Bacteria change shape to adapt to antibiotics: Study

Prashasti Awasthi Updated - February 01, 2021 at 02:58 PM.

Certain kinds of bacteria change their shape in order to adapt to long-term exposure to antibiotics, according to the study published in the journal Nature Physics.

The study stated that the bacteria tend to change their characteristics as a fundamental biological process to better fit their environment.

This new research led by Carnegie Mellon University’s Assistant Professor of Physics Shiladitya Banerjee, suggests that antibiotics have long helped people prevent and cure bacterial infections. However, many species of bacteria have increasingly been able to adapt to resist antibiotic treatments.

Banerjee’s research at Carnegie Mellon and in his previous position at the University College London (UCL) has carried out the study to understand the mechanics and physics behind various cellular processes. The common theme of his work has been that the shape of a cell can have major effects on its reproduction and survival.

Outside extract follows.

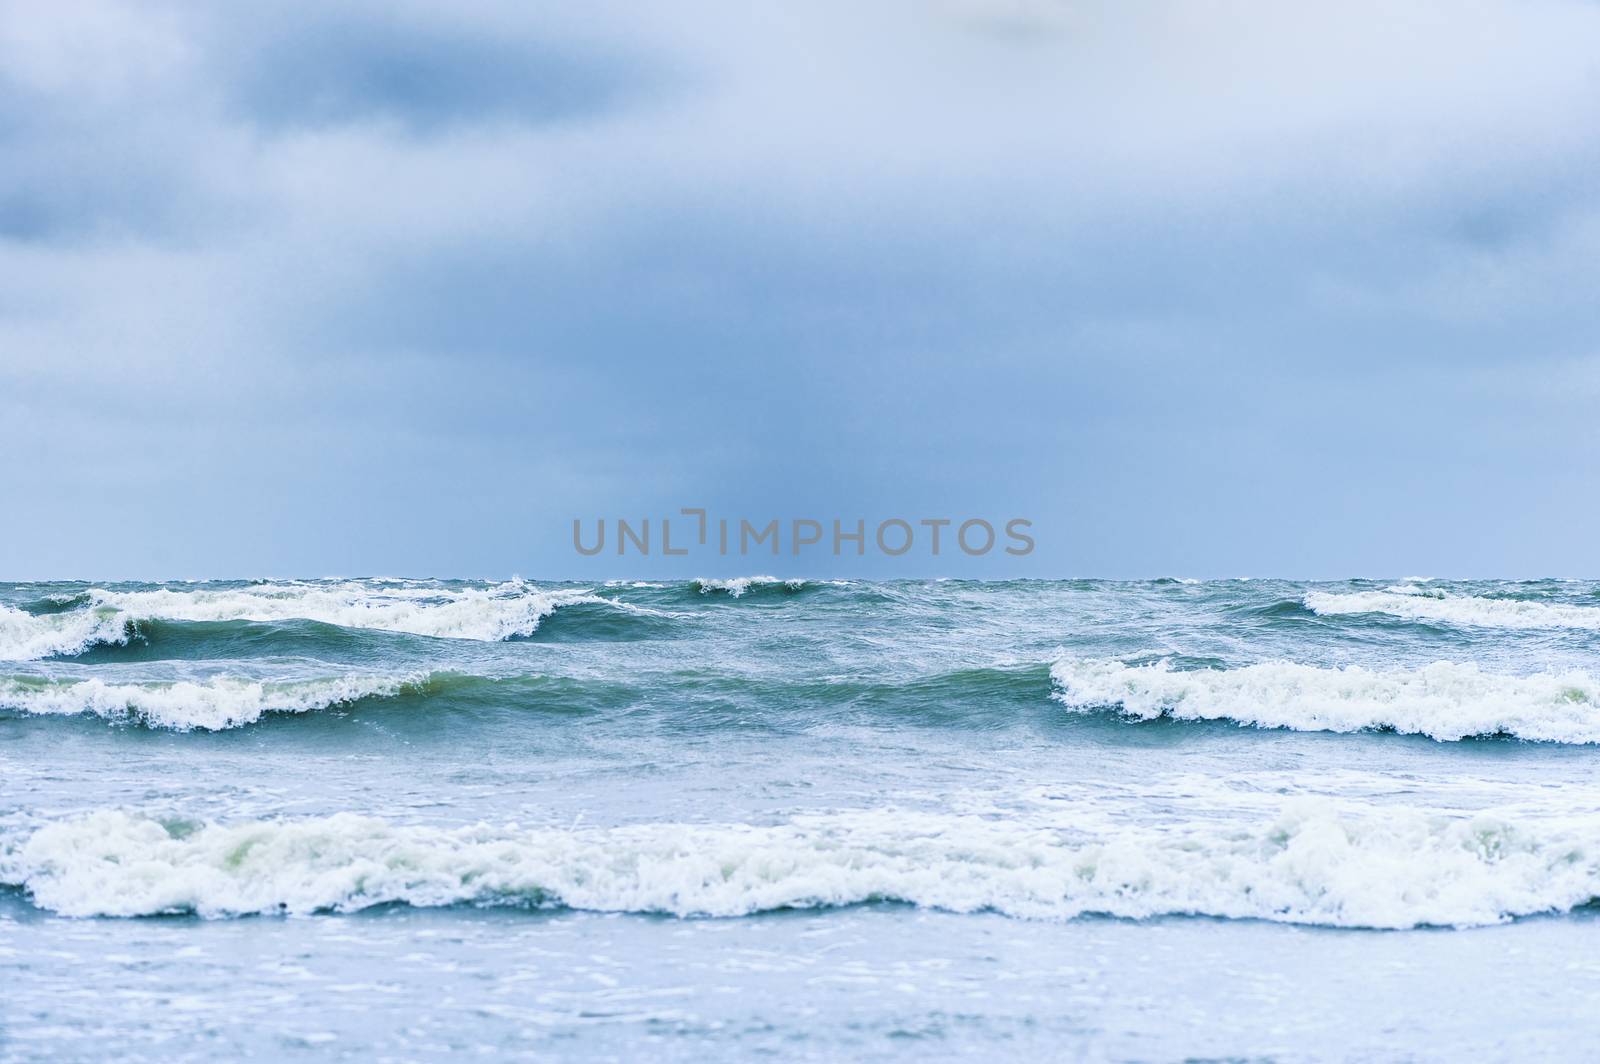 Ocean waves by styf22

Banerjee, in collaboration with researchers at the University of Chicago, decided to carry out an extensive study on how exposure to antibiotics affects the growth and morphologies of the bacterium Caulobacter crescentus, a commonly used model organism.

“Using single-cell experiments and theoretical modeling, we demonstrate that cell shape changes act as a feedback strategy to make bacteria more adaptive to surviving antibiotics,” Banerjee said in the study.

The researchers found that the bacteria dramatically changed their shape by becoming wider and more curved, especially when exposed to less than lethal doses of the antibiotic chloramphenicol. “These shape changes enable bacteria to overcome the stress of antibiotics and resume fast growth,” Banerjee said.

The researchers concluded that these physical changes allow the bacteria to attain a higher curvature and lower surface-to-volume ratio, which would allow fewer antibiotic particles to pass through their cellular surfaces as they grow.

“This insight is of great consequence to human health and will likely stimulate numerous further molecular studies into the role of cell shape on bacterial growth and antibiotic resistance,” Banerjee said.